Evolutionary conservation and selection of human disease gene orthologs in the rat and mouse genomes
1 Department of Bioinformatics, Genome Therapeutics Corporation, Waltham, MA 02453, USA
2 MRC Functional Genetics Unit, Department of Human Anatomy and Genetics, University of Oxford, South Parks Road, Oxford OX1 3QX, UK
3 Institute of Medical Genetics, University of Wales College of Medicine, Heath Park, Cardiff CF14 4XN, UK
4 Genome Sequencing Center, Genome Therapeutics Corporation, Waltham, MA 02453, USA
5 Agencourt Bioscience Corporation, Beverly, MA 01915, USA
6 Grup de Recerca en Informàtica Biomèdica, Departament de Ciències Experimentals i de la Salut, Universitat Pompeu Fabra, Barcelona 08003, Spain
Genome Biology 2004, 5:R47 doi:10.1186/gb-2004-5-7-r47Published: 28 June 2004
Model organisms have contributed substantially to our understanding of the etiology of human disease as well as having assisted with the development of new treatment modalities. The availability of the human, mouse and, most recently, the rat genome sequences now permit the comprehensive investigation of the rodent orthologs of genes associated with human disease. Here, we investigate whether human disease genes differ significantly from their rodent orthologs with respect to their overall levels of conservation and their rates of evolutionary change.
Human disease genes are unevenly distributed among human chromosomes and are highly represented (99.5%) among human-rodent ortholog sets. Differences are revealed in evolutionary conservation and selection between different categories of human disease genes. Although selection appears not to have greatly discriminated between disease and non-disease genes, synonymous substitution rates are significantly higher for disease genes. In neurological and malformation syndrome disease systems, associated genes have evolved slowly whereas genes of the immune, hematological and pulmonary disease systems have changed more rapidly. Amino-acid substitutions associated with human inherited disease occur at sites that are more highly conserved than the average; nevertheless, 15 substituting amino acids associated with human disease were identified as wild-type amino acids in the rat. Rodent orthologs of human trinucleotide repeat-expansion disease genes were found to contain substantially fewer of such repeats. Six human genes that share the same characteristics as triplet repeat-expansion disease-associated genes were identified; although four of these genes are expressed in the brain, none is currently known to be associated with disease.

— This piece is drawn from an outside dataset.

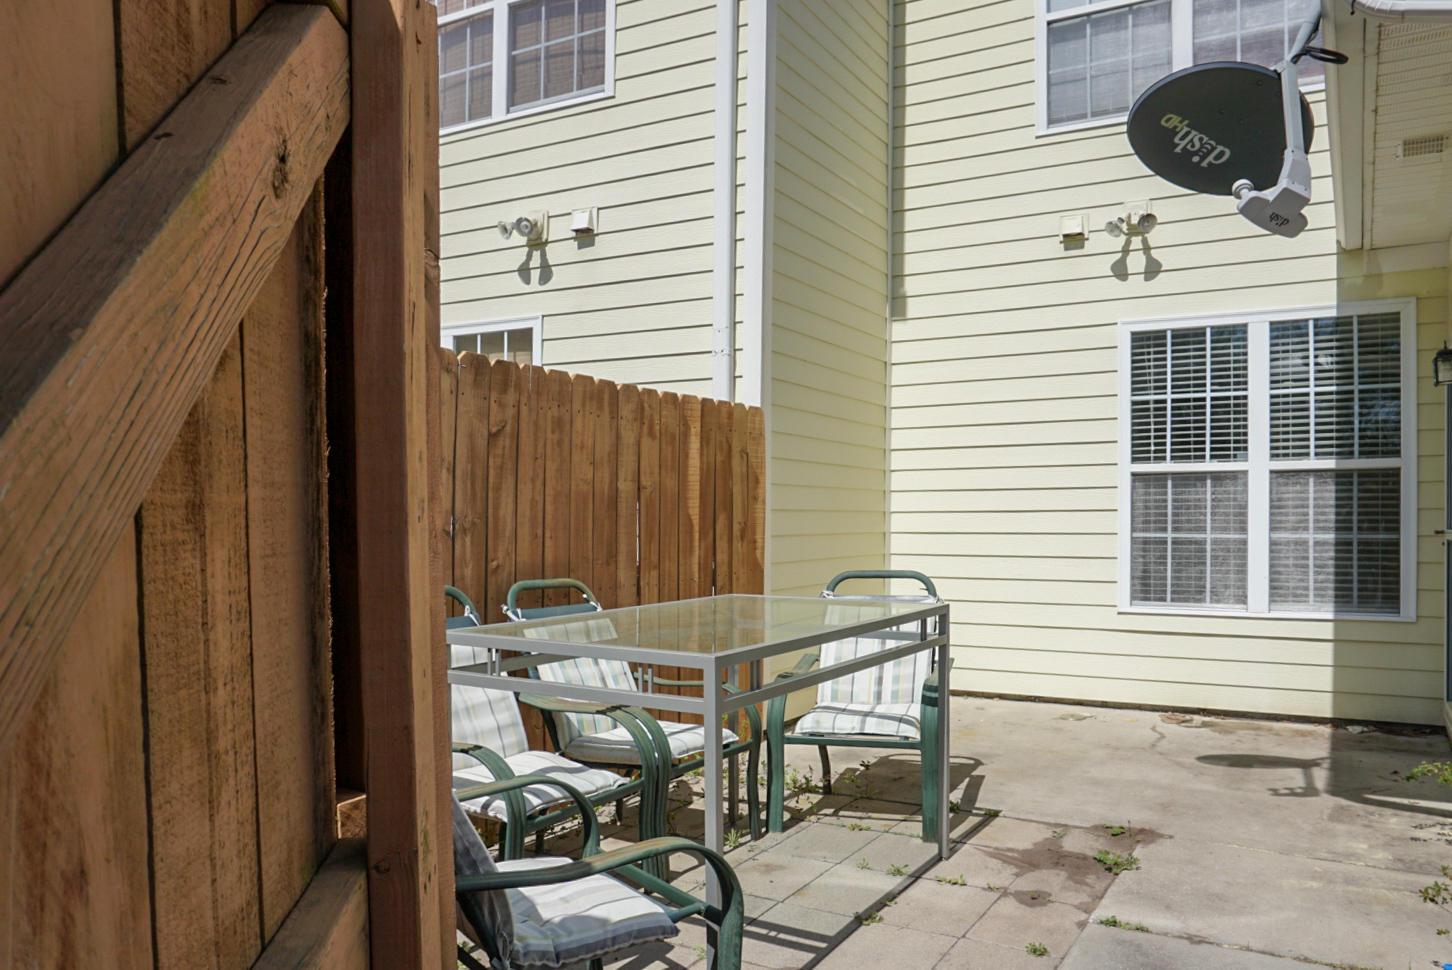 Whitney Lake Homes For Sale - 1763 Brittlebush, Johns Island, SC - 0

Most human disease genes have been retained in rodent genomes. Synonymous nucleotide substitutions occur at a higher rate in disease genes, a finding that may reflect increased mutation rates in the chromosomal regions in which disease genes are found. Rodent orthologs associated with neurological function exhibit the greatest evolutionary conservation; this suggests that rodent models of human neurological disease are likely to most faithfully represent human disease processes. However, with regard to neurological triplet repeat expansion-associated human disease genes, the contraction, relative to human, of rodent trinucleotide repeats suggests that rodent loci may not achieve a 'critical repeat threshold' necessary to undergo spontaneous pathological repeat expansions. The identification of six genes in this study that have multiple characteristics associated with repeat expansion-disease genes raises the possibility that not all human loci capable of facilitating neurological disease by repeat expansion have as yet been identified.